Bangladeshi film and television actress

Rawshan Ara Rozina (known as Rozina) is a Bangladeshi film and television actress. As of 2018, she has performed in over 300 films. She was a prominent actress in the 1980s. She won Bangladesh National Film Awards for the Best Actress and Best Supporting Actress for her roles in the films Jibondhara (1988) and Koshai (1980) respectively. She also starred opposite to Mithun Chakraborty in Anyaay Abichar. She was awarded Bangladesh National Film Award for Lifetime Achievement in 2023.
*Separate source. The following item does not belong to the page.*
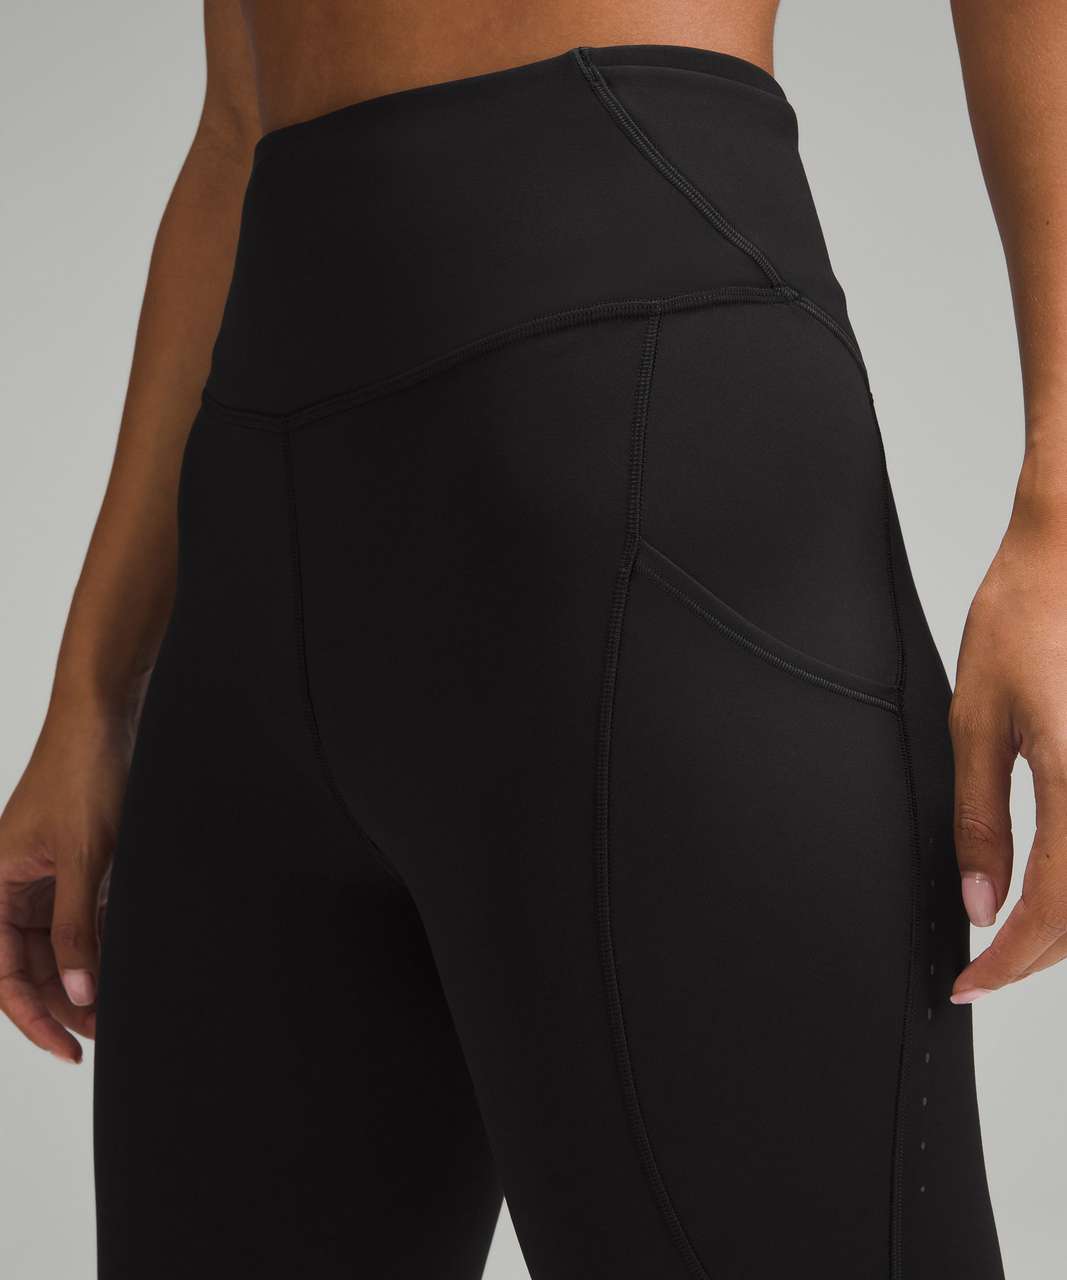 Lululemon Fast and Free High-Rise Fleece Tight 25 *Pockets

Starting her career in the 1970s, initially she became a lead actress but was not able to succeed over other top actresses of the competitive film industry. Nonetheless, she managed to keep her position as a leading actress with successful films such asManosi, Sukher Shonghsar, Shish Mohol, Radha Krishno, Manosi, Sagor Vasha, Raj Singhasan, Dunia,Dhoni Gorib, Akheri Nishan, Duniadari, Bhorosha, Matir Manush, Nadira, Razia Sultana, Jantar Mantar, Thaser Ghor, Rani Chorer Raja, Boro Ma, Tufan Mal, Reshmi Churi, Alomoti Premkumar, Miss Loita, Purnomilon, Josh, and Jantar Mantar.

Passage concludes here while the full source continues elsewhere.